The honest answer to all the questions above is that nothing was done beyond the issuance of notices. The misleading advertising continued unabated. ASCI did the desired window-dressing by issuing notices, then as usual looked the other way.
- ASCI knows full well that the guidelines on surrogate advertising are explicit.
In-store availability must be at least 10% of that of the leading brand in the category that the product competes, or sales turnover must exceed Rs 5 crore per annum or Rs 1 crore per annum in each state it is distributed in. It must have a valid certificate from an independent organisation for such turnover and distribution data. Advertising for such brand extensions cannot feature what is prohibited by law or banned products.
ASCI’s last press release on the subject acknowledged that all of the above criteria have to be satisfied for a valid surrogate. I asked why no action was taken despite Chivas not meeting any or all of the requirements listed? Glenlivet, I asked, has 10% market share in books? Then how can it advertise its ‘books’?
ASCI happily keeps quoting the guidelines but never do they shed light on how the guidelines are being enforced. A lot of verbiage is put out to give the impression that lots is being done! While in real life, these are the very clauses that are being willfully circumvented.
- The IPL broadcaster for TV has confirmed to ASCI that all advertisements are checked for CBFC clearance so that they are not in violation of the Cable TV and Network Act.
Oops! What a fantastic escape! So Star TV now is the source of certification for goodness to the very brands that are enriching it!!!
No one perhaps told the jury at ASCI that the CBFC certification is just one more requirement in the check list; not a license to broadcast. It is the ASCI’s job still to adjudge conformity to the guidelines. The CBFC does not do that. It merely looks at objectionable content. It does not adjudicate on objectionable intent!
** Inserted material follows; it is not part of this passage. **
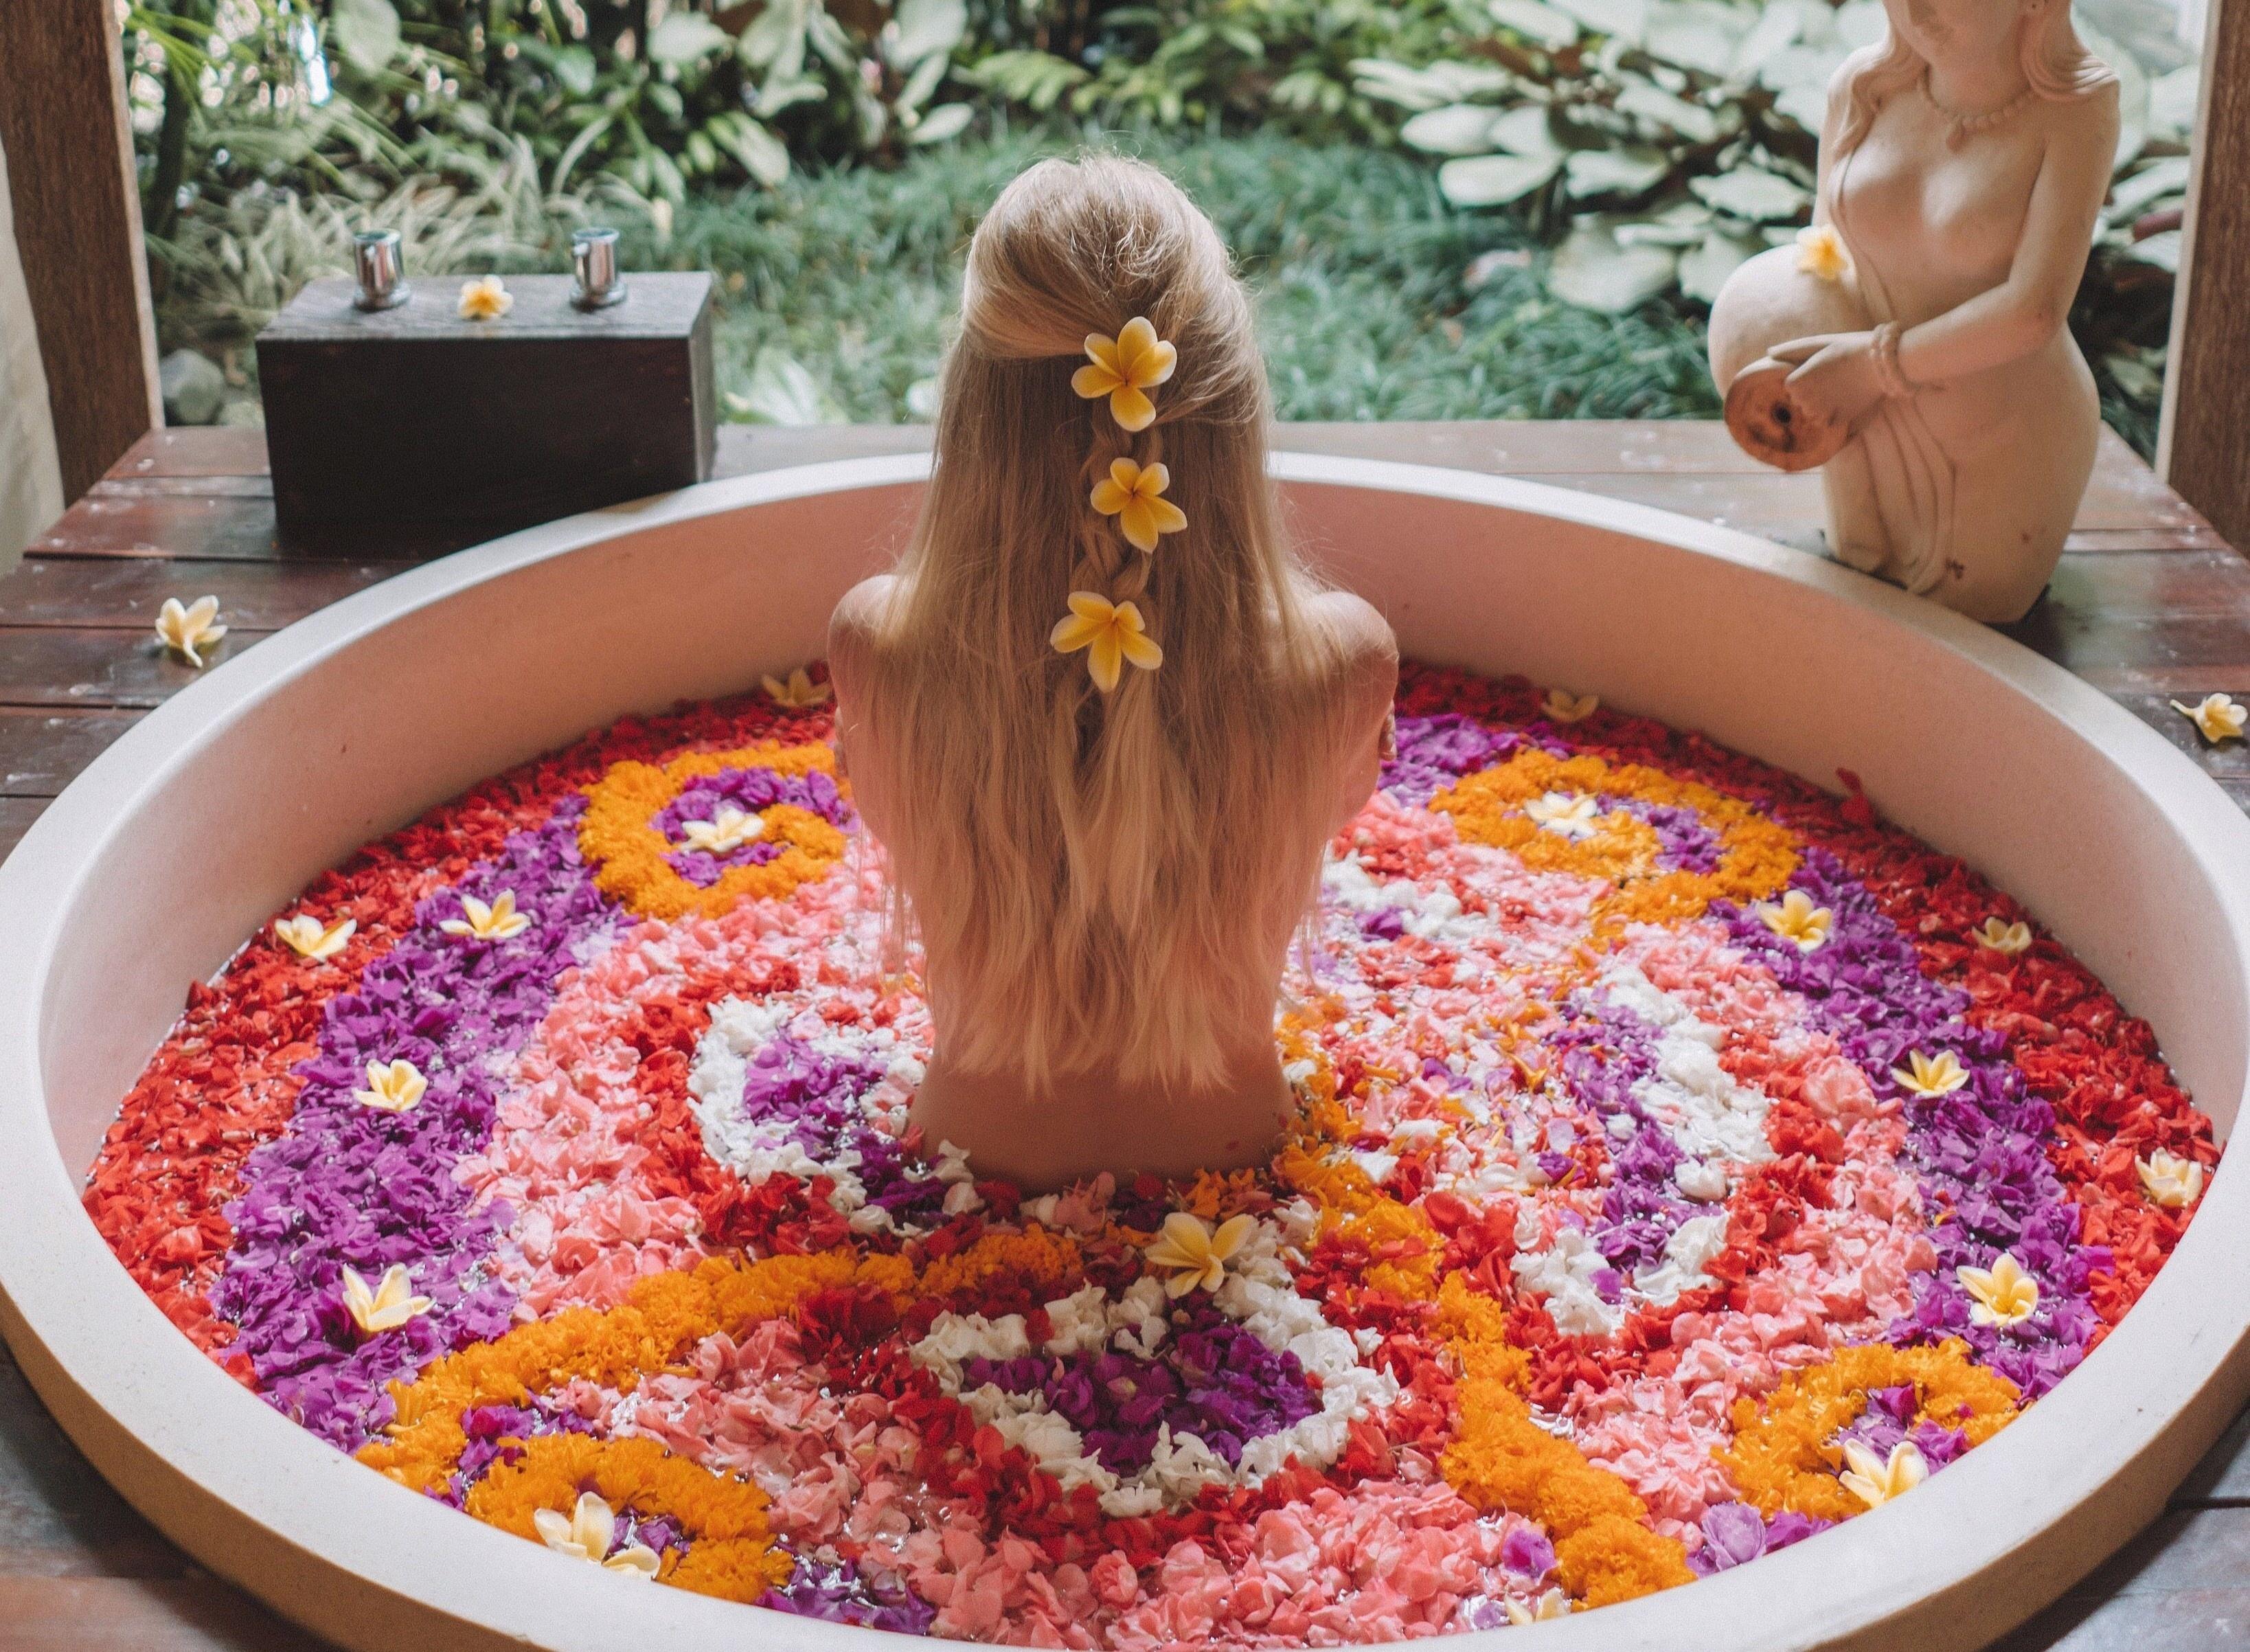 Nhung bon tam hoa tuyet my cho cac cap doi o Bali hinh anh 1 f362cb3684ec3d05dffdbe8175879ad5_1.jpg

The Cable Television Networks (Regulation) Act, 1995, Rule 7(2)(viii) clearly prohibits the direct or indirect promotion and advertisement of & cigarettes, tobacco products, wine, alcohol, liquor or other intoxicants and where in the advertisement are not to use particular colors and layout or presentations associated with the prohibited products. All the advertised liquor brands are using their brand logos. That is what the ASCI was supposed to prevent. Not just say that a CBFC certificate exists. What a con!
ASCI has said in the past that ‘we are being extra vigilant because the IPL is one of the biggest marketing platforms’ … Oh, is that so? The IPL is starting one more time. It is a good time to display good intent and good action by ASCI. I hope they don’t dispooint one more time.
The simplest solution to all this, though, is to legally allow liquor companies to advertise without any covenants. If liquor retailing is now fully allowed, why bar the advertising. I personally have no issue with that. But as long as the surrogates hoodwink the law of the land, ASCI has to do its job.